Uraeotyphlus malabaricus
- Conservation status: Data Deficient (IUCN 3.1)

Scientific classification
- Kingdom: Animalia
- Phylum: Chordata
- Class: Amphibia
- Order: Gymnophiona
- Clade: Apoda
- Family: Ichthyophiidae
- Genus: Uraeotyphlus
- Species: U. malabaricus
- Binomial name: Uraeotyphlus malabaricus (Beddome, 1870)
- Synonyms: Cecilia malabarica Beddome, 1870

= Uraeotyphlus malabaricus =

- Genus: Uraeotyphlus
- Species: malabaricus
- Authority: (Beddome, 1870)
- Conservation status: DD
- Synonyms: Cecilia malabarica Beddome, 1870

Species of amphibian

Uraeotyphlus malabaricus is a species of caecilian in the family Ichthyophiidae.

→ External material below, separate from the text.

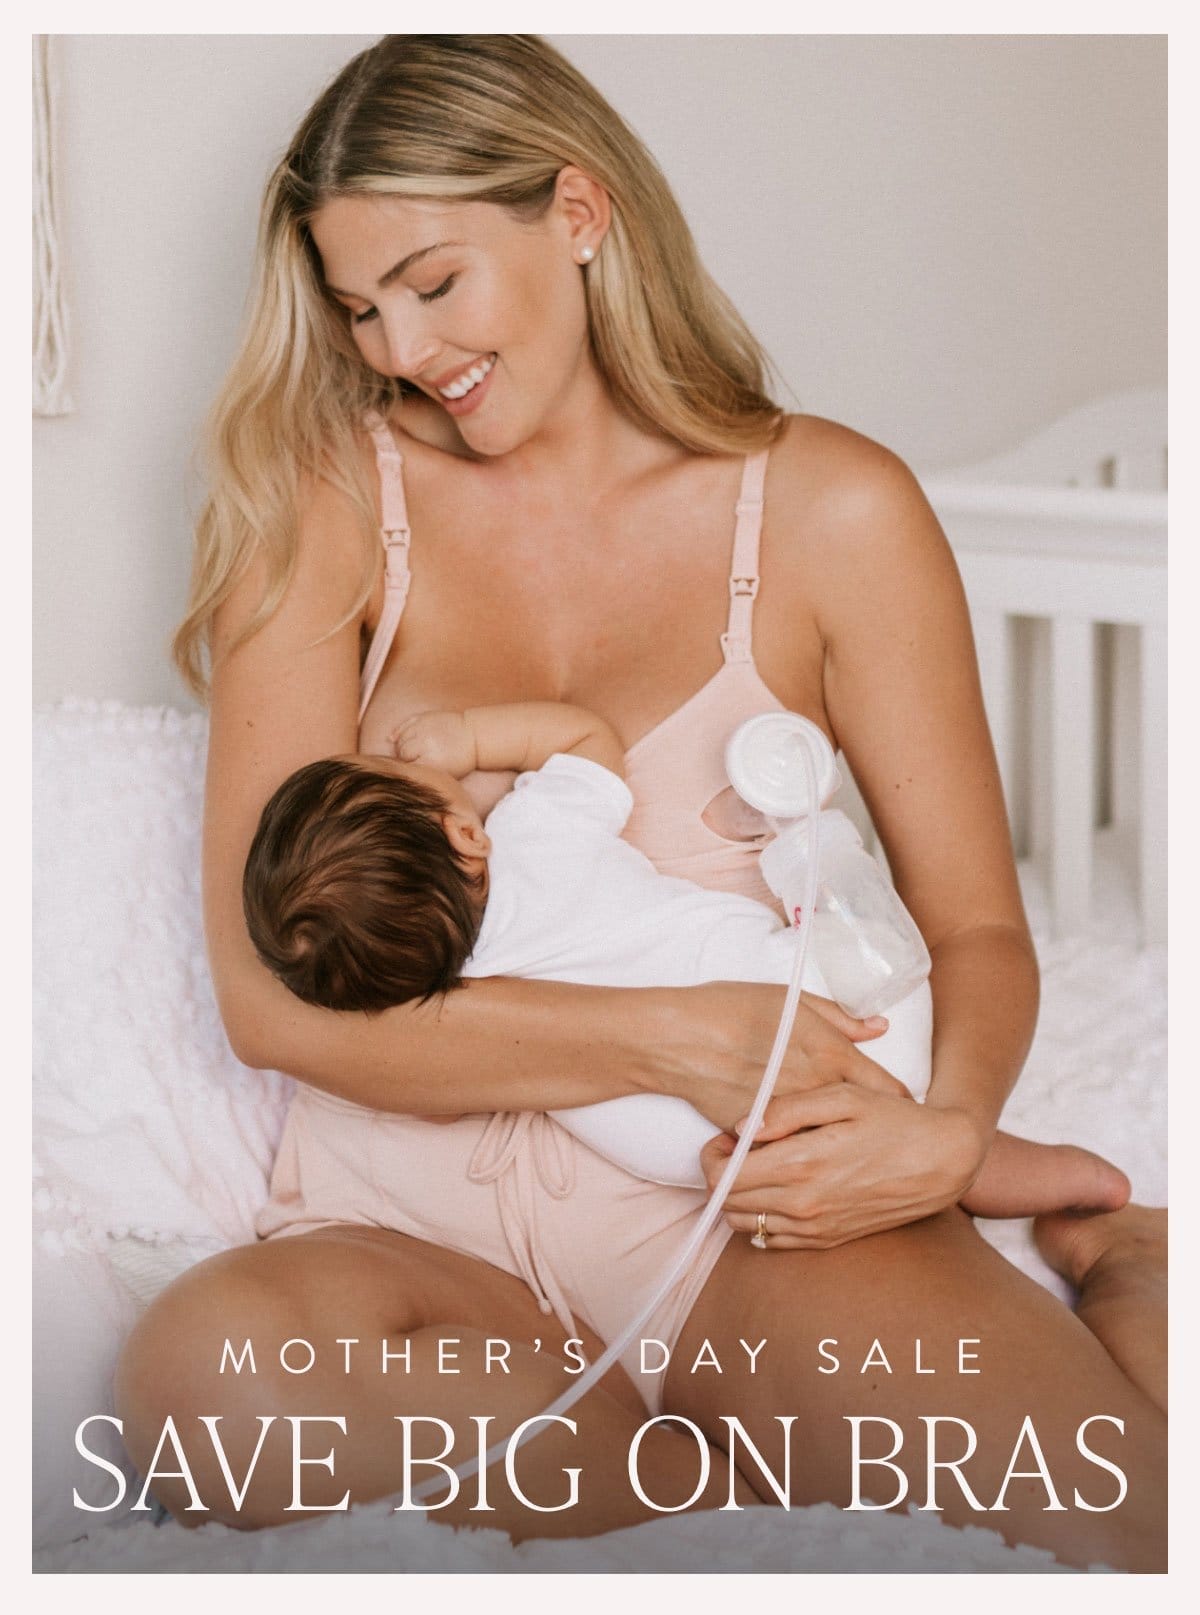 Mother's Day Sale: Save Big on Bras

It is endemic to the Western Ghats of India and is known from its type locality, the "Malabar" in Kerala, and from the Nilgiri mountains in Tamil Nadu. It is known by several common names.Malabar tailed caecilian, Nilgiris caecilian, Malabar caecilian, and white-lipped caecilian.

==Description==
Adults measure 145–234 mm, including the 3–6 mm tail. The body is short and stout, violet-colored dorsally, and lighter ventrally. The eyes are distinct and surrounded by a light ring. The tentacles are placed ventrally, close to the lip. Light-colored areas are present around the nostrils, snout tip, and tentacles. The upper lips and lower jaw are also a light cream color. There is a light spot near the vent, and the tip of the tail is whitish.

==Habitat and conservation==
Uraeotyphlus malabaricus has been collected in evergreen tropical forest (600–1200 m above sea level), but its ecology is generally poorly known. Presumably, the adults are fossorial. It is probably an oviparous species, laying terrestrial eggs and having aquatic larvae.

Threats to this species are unknown. It occurs in the Kalakkad Mundanthurai Tiger Reserve.